Researchers have devised a brand new assault technique “Cookie-Chunk” demonstrating cookie theft through malicious browser extensions. Whereas the concept of stealing session cookies isn’t new, utilizing a malicious browser extension as a PoC is a brand new thought highlighting the severity of the matter.
Cookie-Chunk Assault Ensures Persistent Entry By Stealing Cookies
Sharing the main points in a latest post, researchers from Varonis highlighted how a malicious browser extension could sneakily enable persistent entry to consumer accounts. Named “Cookie-Chunk”, the assault demonstrates utilizing a browser extension to steal session cookies, evading account login safety checks.
Particularly, the researchers demonstrated the assault by utilizing a specifically crafted browser extension to steal cookies. The researchers used Google Chrome of their examine and aimed toward Azure authentication-related cookies. Nonetheless, they defined that the method applies to different companies as properly, their vulnerability being depending on the respective session dealing with, cookie structure, and safety.
As proof-of-concept (PoC), the researchers focused the ‘ESTAUTH‘ and ‘ESTSAUTHPERSISTNT‘ cookies in Azure Entra ID. These cookies, enable and preserve authenticated entry to Microsoft companies, equivalent to Microsoft 365 and Azure Portal. Whereas customers could apply completely different safety measures, equivalent to multi-factor authentication, to make sure safe login, the Cookie-Chunk assault could steal these cookies to realize persistent entry to Microsoft companies with out requiring account credentials.
In worst exploitation situations, an adversary may use such session hijacking assault to maneuver laterally throughout cloud environments. With unchecked persistent entry to crucial companies, attackers may get unrestricted entry to necessary information.
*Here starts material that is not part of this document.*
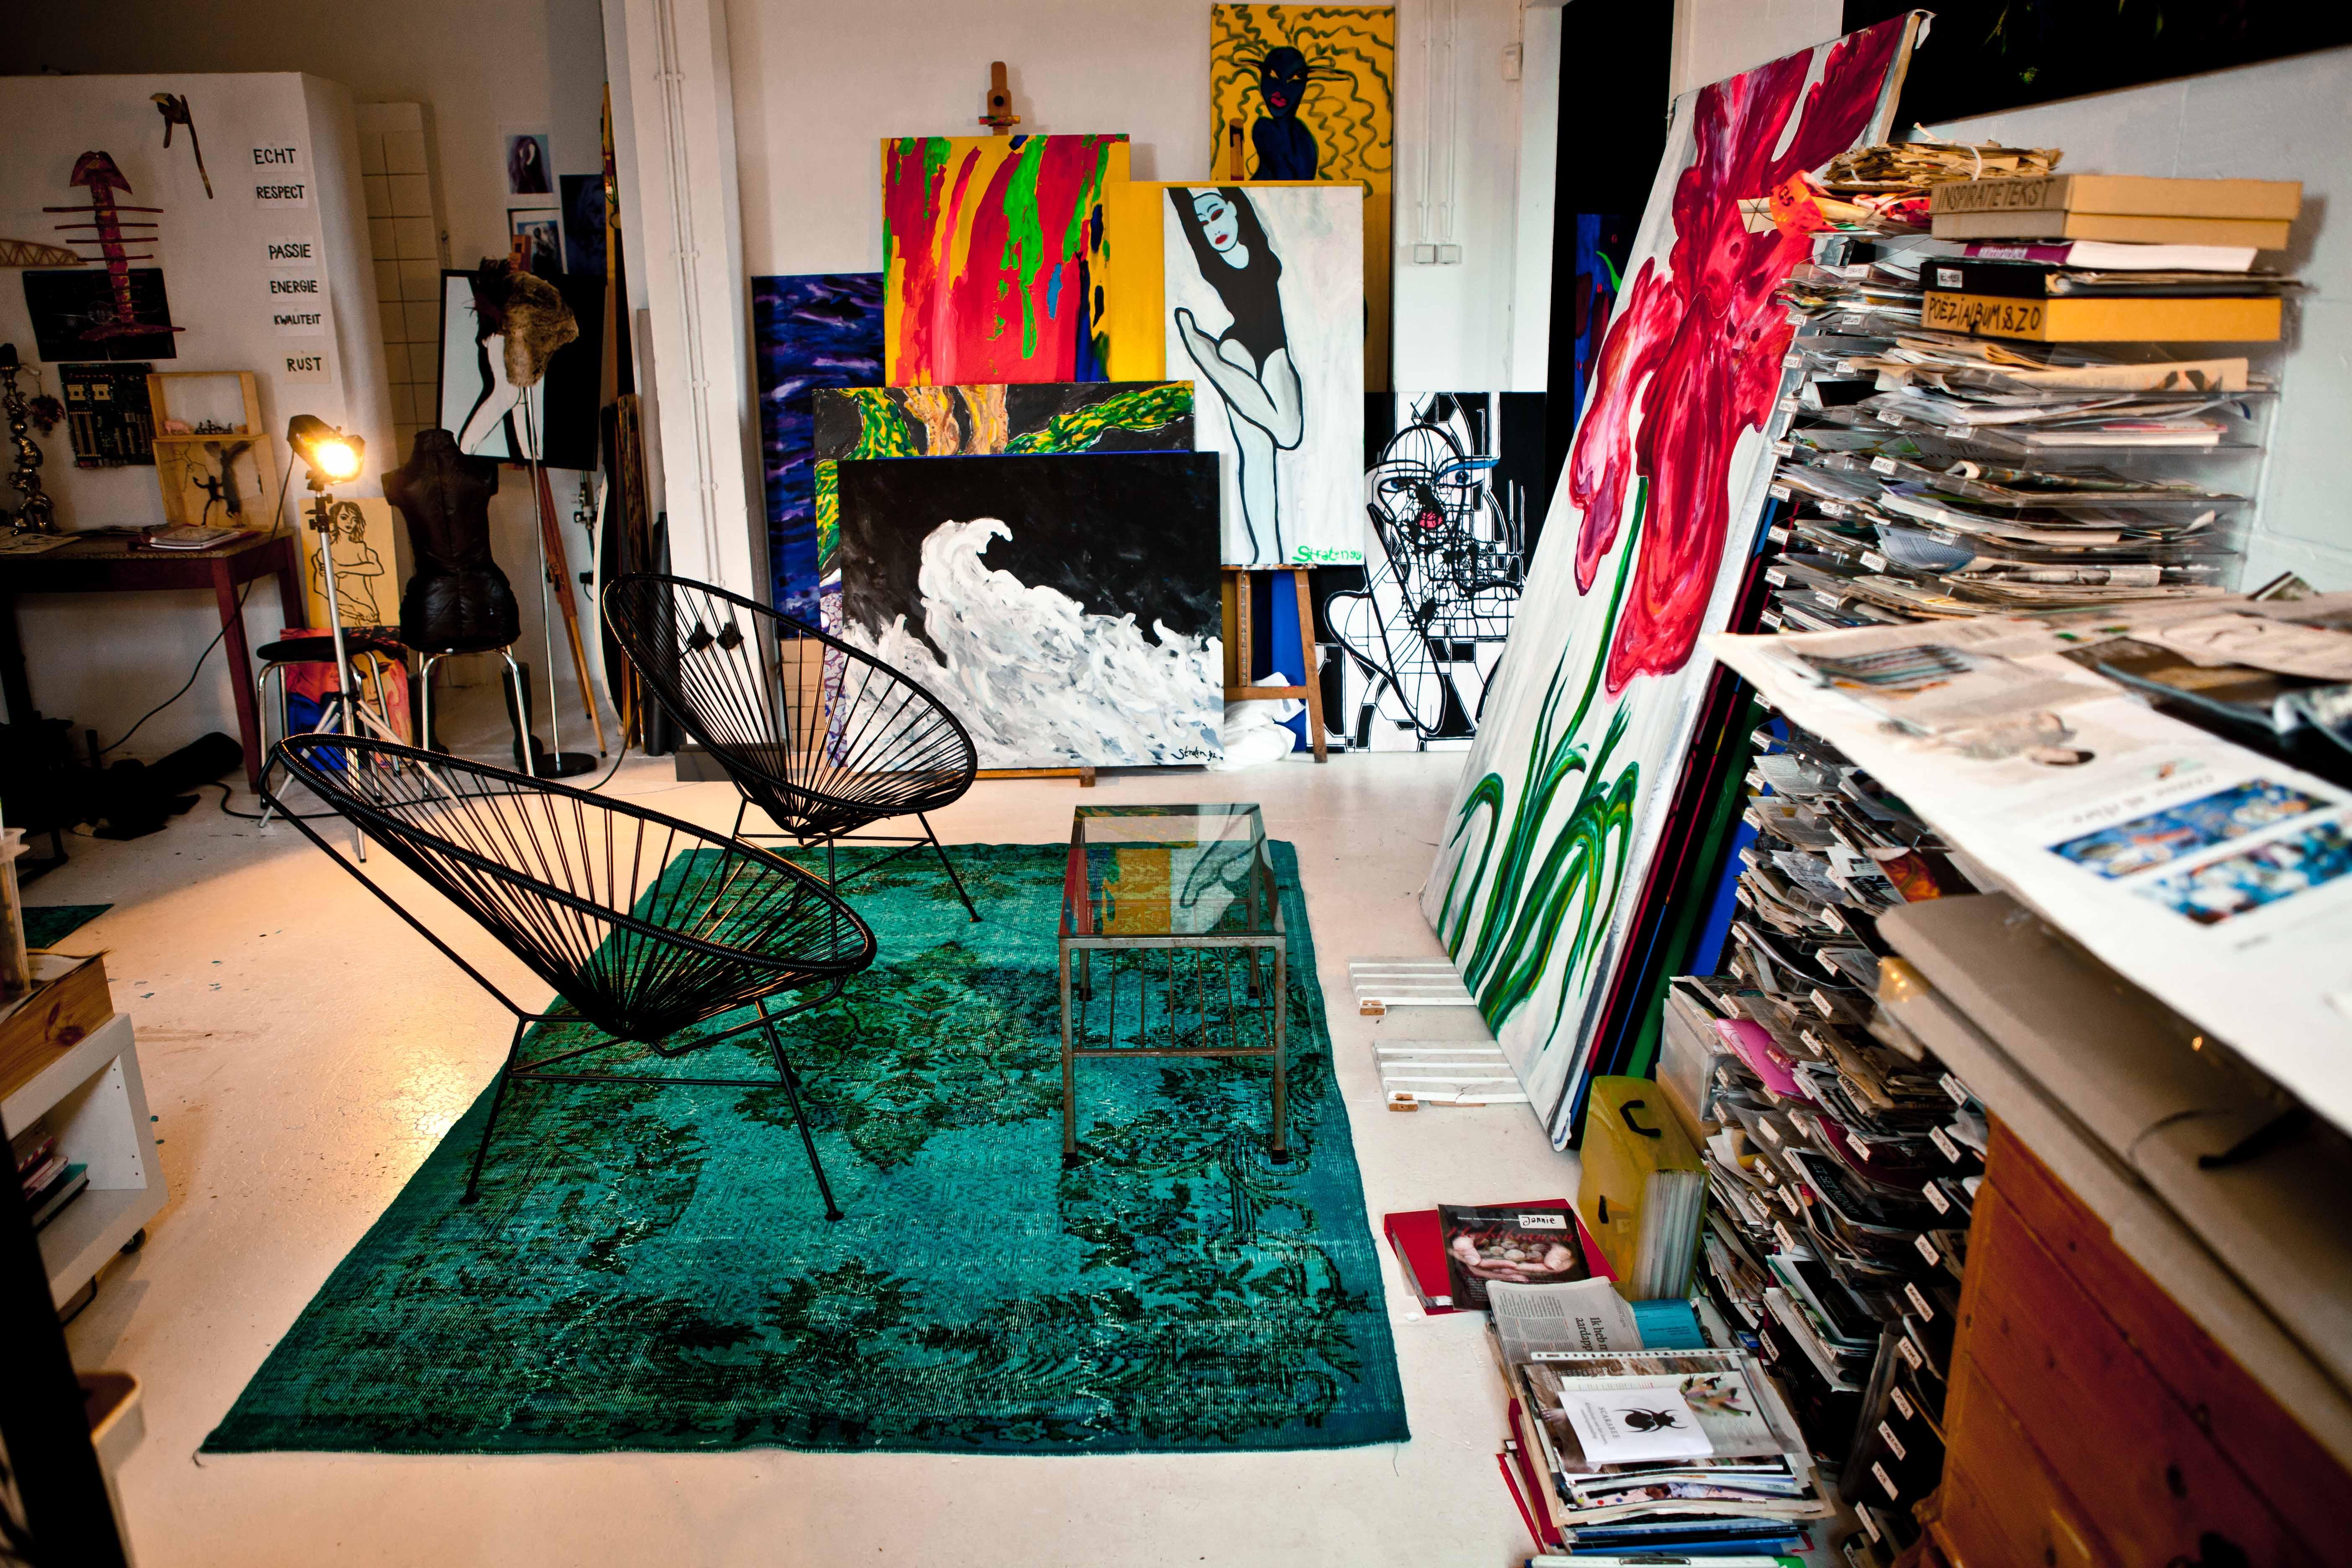 Kleurrijke Interieurs Pastel : Byfaith interiors inspiratie ontwikkeling en advies op gebied van

Apart from Microsoft Azure Entra ID, the researchers additionally listed different necessary cloud companies, equivalent to Google Workspace, GitHub, AWS Administration Console, and Okta (SSO), and their respective authentication cookies that Cookie-Chunk assault can goal.
Upon gaining persistent entry to focus on accounts by stealing cookies, an adversary could carry out varied malicious actions. In line with the researchers, these actions could embody deploying PowerShell, steal different companies’ cookies, carry out unauthorized app registrations, and laterally transfer throughout the community.
Beneficial Mitigations For This Sneaky Assault
Notably, the Cookie-Chunk assault entails no refined malware to steal cookies. As a substitute, it makes use of a easy script that makes it troublesome to detect and block. Furthermore, the assault stays profitable because it occurs by means of the browser, bypassing account login checks with every login try.
Nonetheless, the researchers have shared varied means to forestall this assault. These embody operating thorough scans for detecting any uncommon consumer habits, utilizing Microsoft Danger to flag uncommon sign-ins, deploying Conditional Entry Insurance policies (CAP) to limit unauthorized customers’ entry, and implementing Chrome ADMX insurance policies to limit using browser extensions to a selected allowlist.
Tell us your ideas within the feedback.